12 Comments
User's avatar
ToxSec's avatar

super interesting read. feels like i’ll have to go over it a few times. but the open questions are great. looks like there is still a lot of potential here.

Arshavir Blackwell, PhD's avatar

Yes, in all honesty it is an awfully dense document.

John Holman's avatar

Thanks for taking the time brother, there is some really interesting stuff happening inside these models and we have only scratched the surface of understanding it.

Michael Jovanovich's avatar

Representation with our function was the part that really catches my attention.

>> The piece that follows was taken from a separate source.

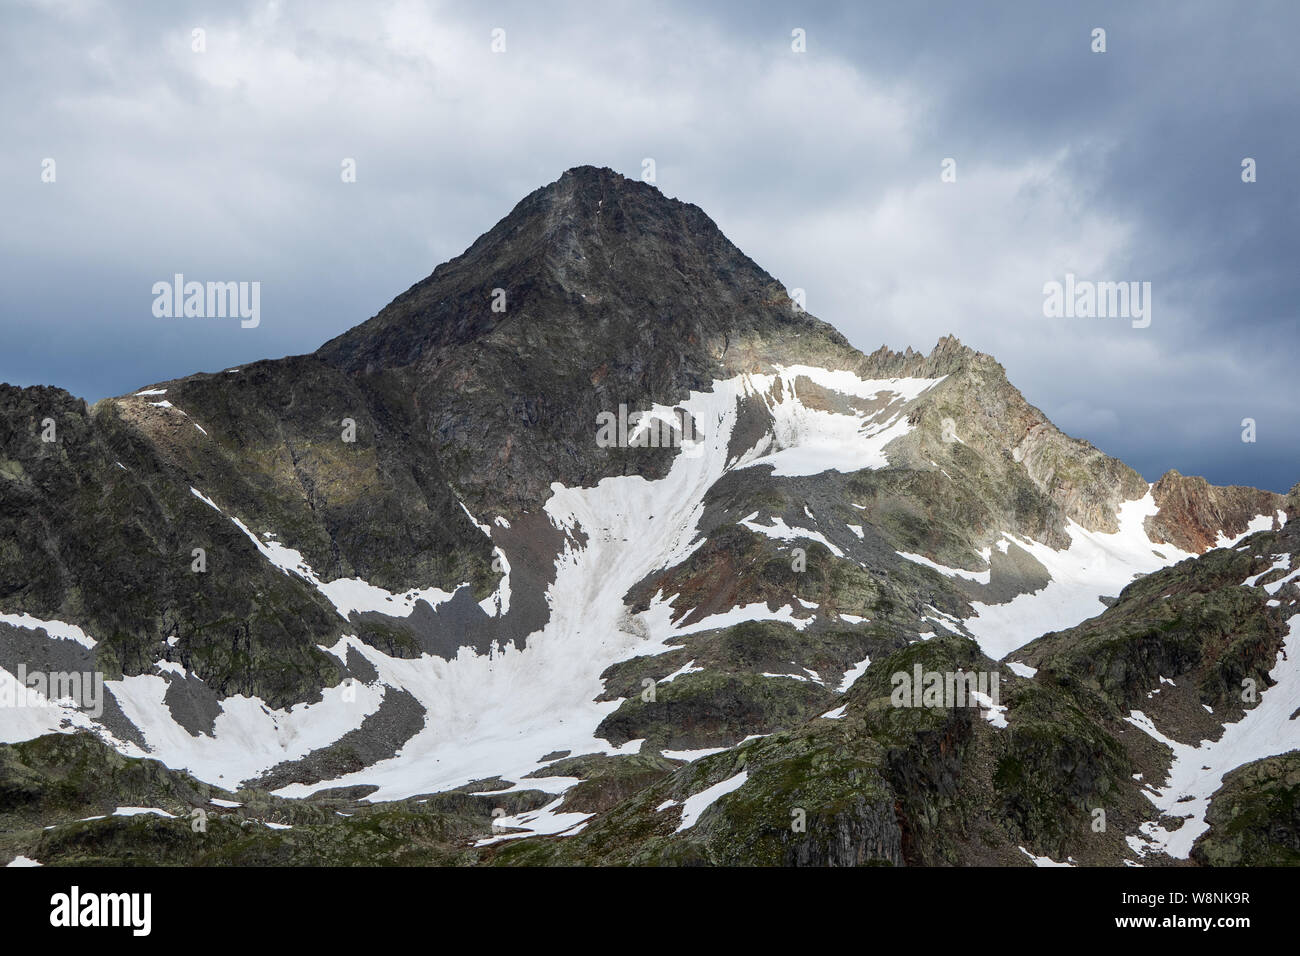 Glodisspitze (Glodis Spitz) mountain peak. Schobergruppe. Hohe Tauern Nationalpark. Austrian Alps. Europe. Stock Photo
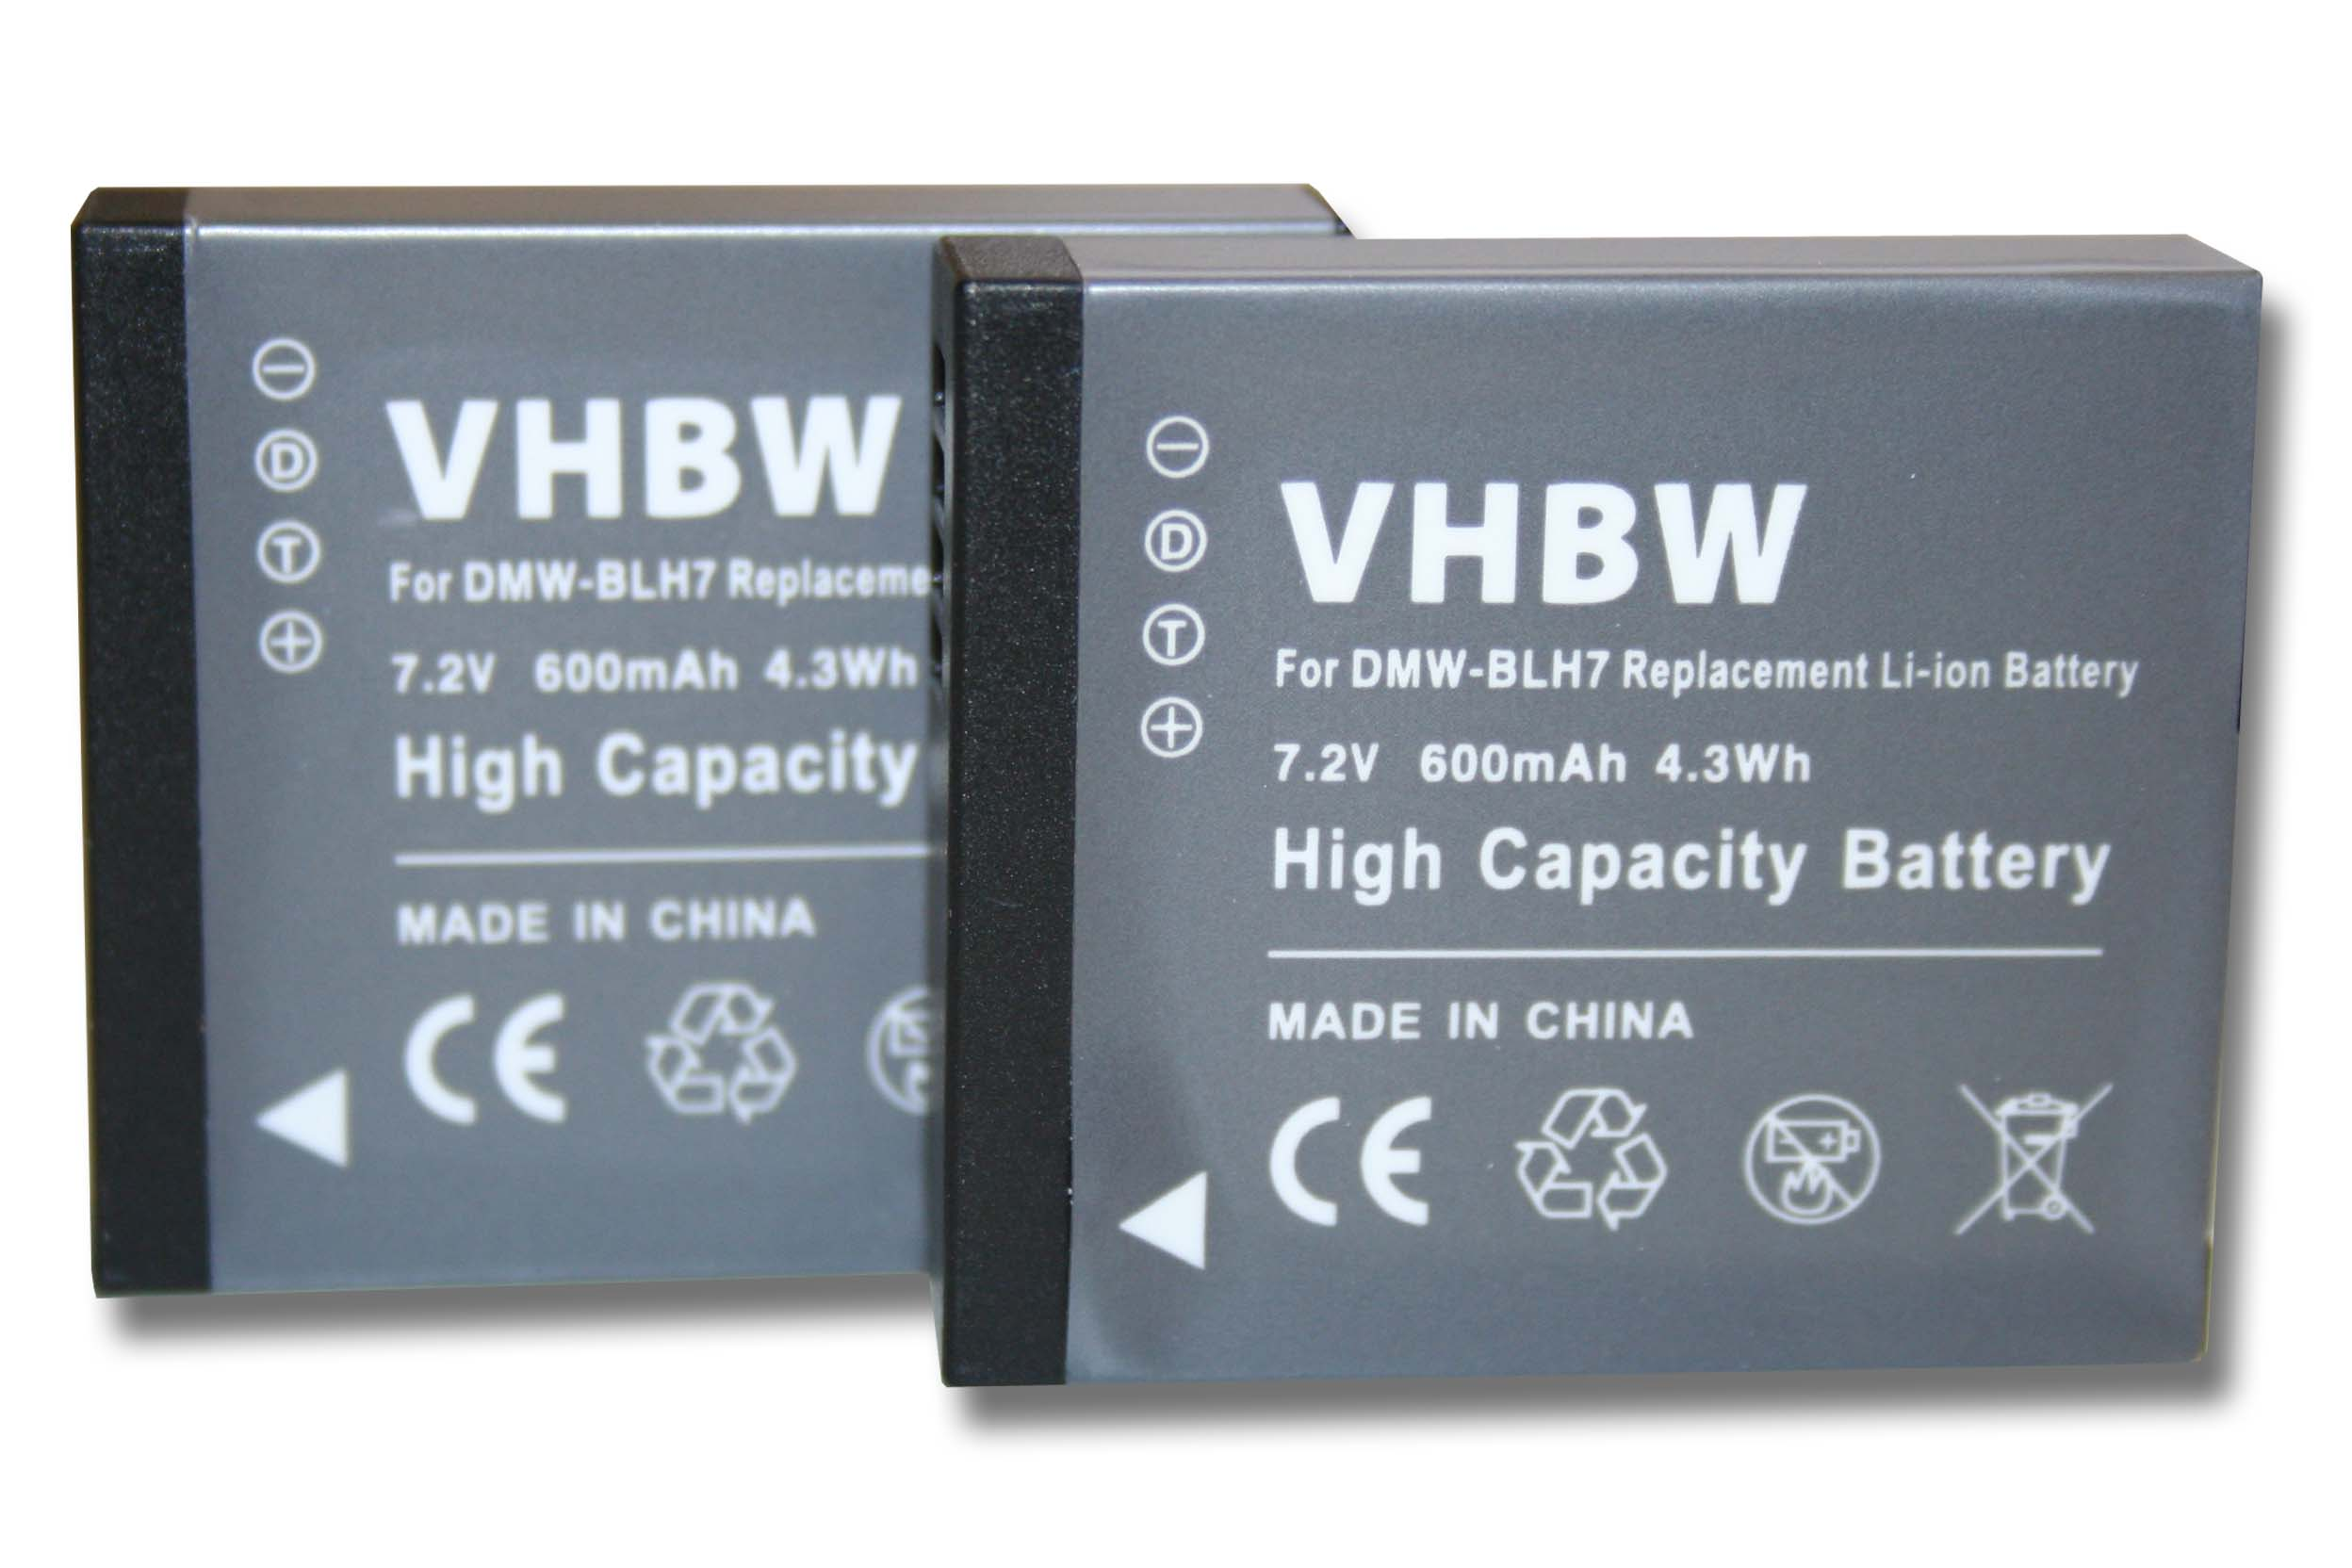 VHBW Ersatz für - Kamera, Volt, DMW-BLH7PP für Akku DMW-BLH7E, DMW-BLH7, 7.2 Li-Ion 600 DMW-BLHPP, Panasonic

I agree it feels extremely unlikely to be there for no reason. But also you found it didn’t contribute to the end response despite firing

My absolute , off the top of my head wild speculation would be to look into it has some sort of anti detection. Like the model confirming it’s not “XYZ that could be confused”

You’d think the absence of that would hurt the response but it might only on very ambiguous tokens.

It might be worth checking if it influenced the probability mass of the non predicted , top tokens. The runners up. It might be pushing the wrong tokens down but not visible in the actual end selection that happens either way because it’s sufficiently in the lead

Maybe simpler to say, it could irrelevant on argmax in your testing set, but meaningful in soft max distribution

Arshavir Blackwell, PhD's avatar

Yes, that’s absolutely right—-it didn’t have an impact on those areas that we looked. You can never prove a negative, since there could be something else going on ins one part of the system that you’ve missed. But I suspect gradient descent shares properties with natural selection: an imperfect solution that has all sorts of weird byways and dead ends embedded in it.

Michael Jovanovich's avatar

Thinking on it more , I had to guess

Gradient descent needs some sort of reference signal

On any given context, the entire network needs a ping of activation to know if any given feature would help or hurt

On this , I asked Claude about my idea, per Claude:

And yes, gradient descent could absolutely produce that. Think about what backprop actually needs to do credit assignment well. If everything is varying all the time, it’s hard to isolate what helped. But if one feature is reliably firing at a consistent level, the gradient through that feature becomes informative about the downstream landscape itself rather than about the interaction between two varying signals. It’s like a control condition that the network builds into itself.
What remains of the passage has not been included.